Der letzte Tag des Schuljahres an der Junior High ist angebrochen. Im Klassenzimmer herrscht auch während des Unterrichts wie immer Unruhe, die Lehrerin Yuko Moriguchi (Takako Matsu) hat es sichtlich schwer die unaufmerksamen Schüler als Zuhörer zu gewinnen. Sie unterhalten sich gegenseitig, während einige die Milch, die an die Schüler ausgegeben wurde, während der Stunde trinken.
Yuko Moriguchi verkündet, dass es heute für sie der letzte Schultag ist, denn sie hat gekündigt. Den Schülern ist der schwere Schicksalsschlag der Frau bekannt, Ihre kleine vierjährige Tochter Manami ist vor einigen Monaten im Schwimmbecken der Schule ertrunken.
In ihrer Abschiedsrede erzählt die Frau aber von Ermittlungen, die ergeben haben, dass der Unfall ein grausamer Mord war - begangen von zwei Schülern dieser Klasse.
Durch diese schockierenden News wird es zunehmend ruhiger im Klassenzimmer.
Da aber die beiden Täter noch minderjährig sind, werden sie die gerechten Strafe entgehen.
Aus diesem Grund hat die Lehrerin beschlossen das Gesetz selbst in die Hand zu nehmen und an den beiden Schülern ein Exempel zu statuieren, das Ihnen auf grausame Weise lehrt das Leben zu schätzen.
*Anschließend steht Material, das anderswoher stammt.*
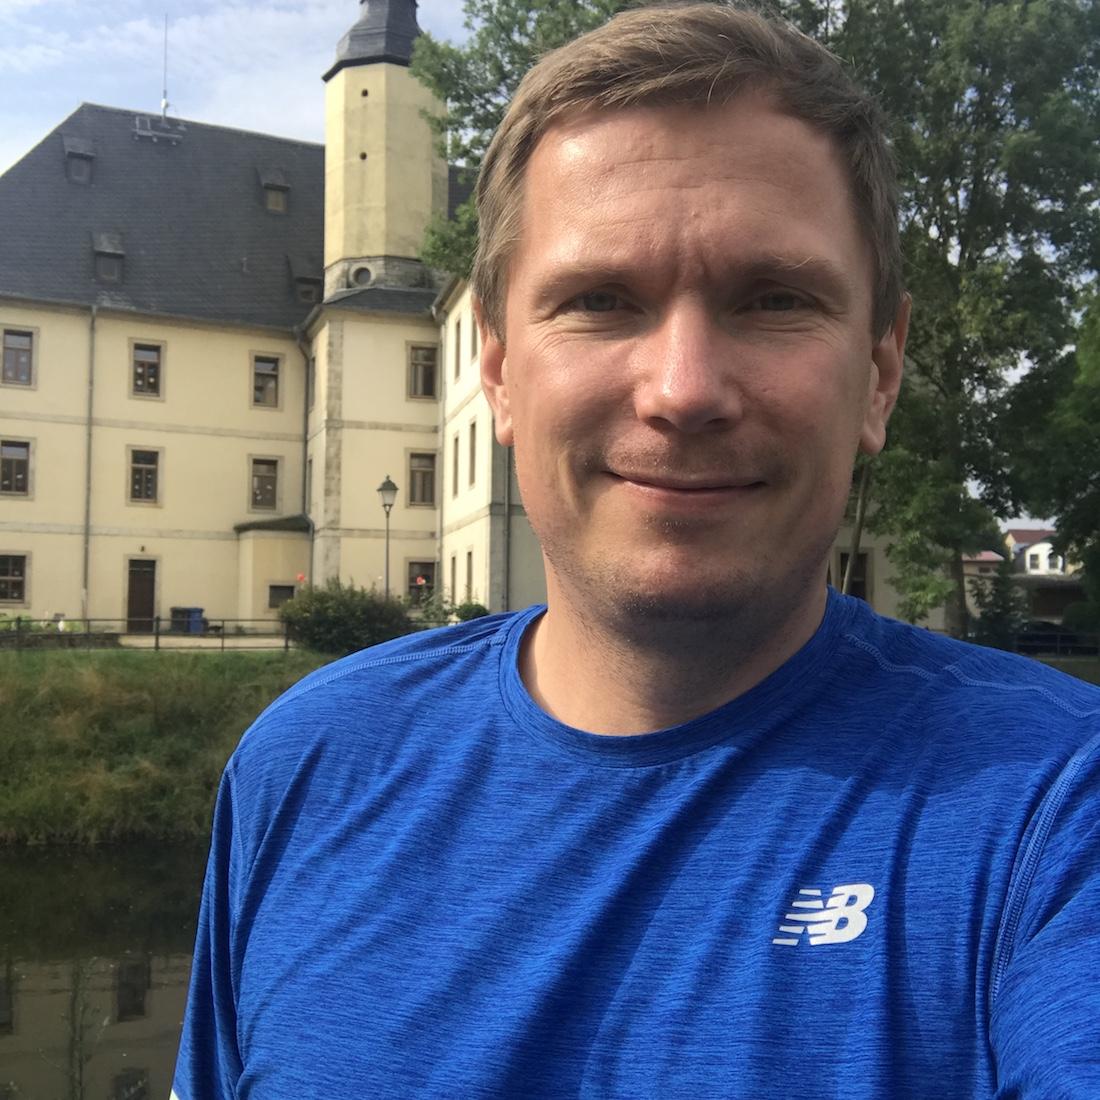 Laufblogger
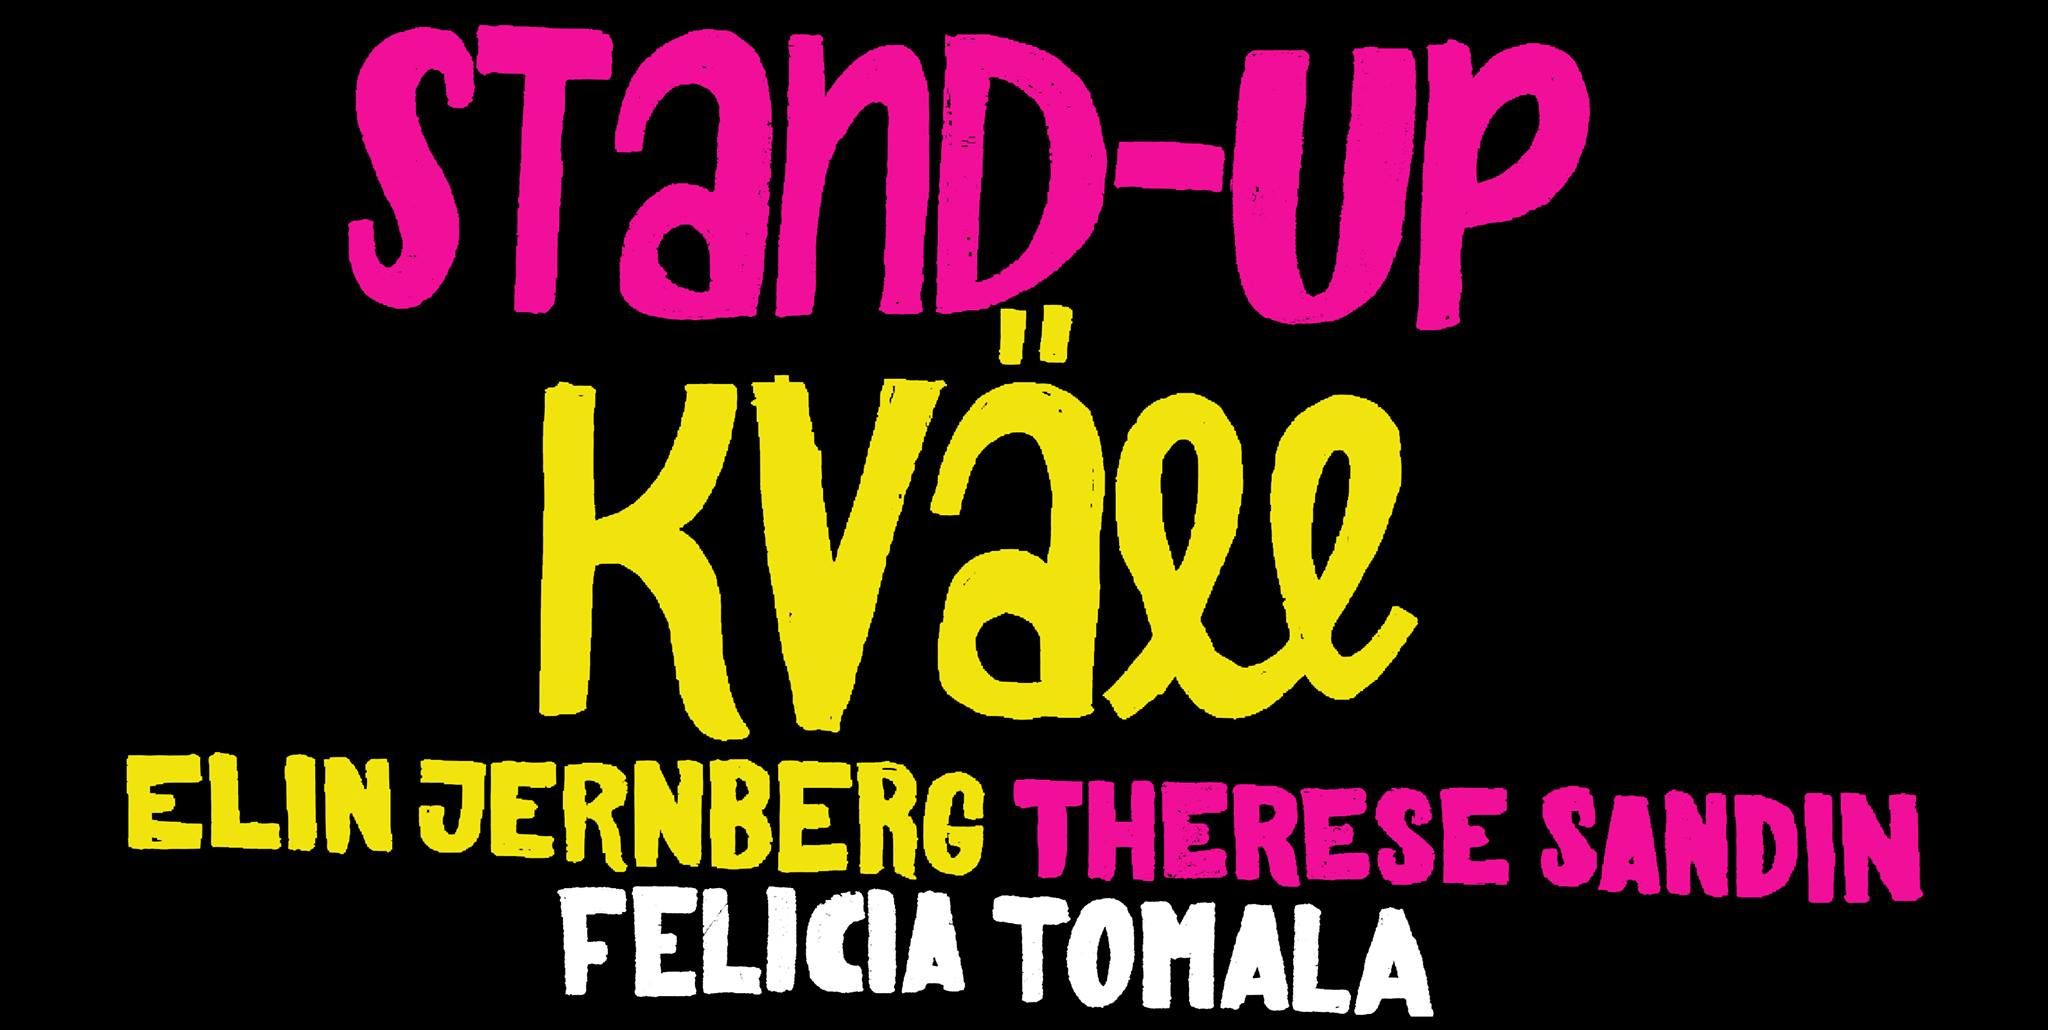 Stand-up kväll

Deshalb hat die Frau auch die Milch der beiden Schülern mit HIV-positivem Blut injiziert.
Ein Schock macht sich im Klassenzimmer breit. Frau Moriguchi spricht im Zusammenhang mit den Tätern von Schüler A (Yukito Nishii) und Schüler B ( Kaoru Fujiwara).
Schüler A heisst Shuya, ist hochbegabt - wird aber von der Klasse aufgrund seines Status als Aussenseiter gemobbt.
Schüler B ist Naoki, einer ruhiger Schüler, der die Gunst von Shuya erringen will.
Beide Schüler offenbaren in der Geschichte nach und nach ein Geflecht aus kaputten Beziehungen.
Durch den Racheplan der Lehrerin beginnt eine grausame Spirale aus Mord und Wahnsinn, in denen beide Mütter der Täter (Yoshino Kimura, Ikujo Kuroda) eine tragende Schlüsselrolle spielen und der neue Lehrer Werther (Masaki Okada) und die Mitschülerin Mizuki (Ai Hashimoto) in den Strudel der daraus entstehenden Gewaltorgie hineingezogen werden....




"Geständnisse" ist ein eindrucksvoller japanischer Psychothriller des Regisseurs Tetsuya Nakashima aus dem Jahr 2010. Die Romanvorlage stammt von Kanae Minato.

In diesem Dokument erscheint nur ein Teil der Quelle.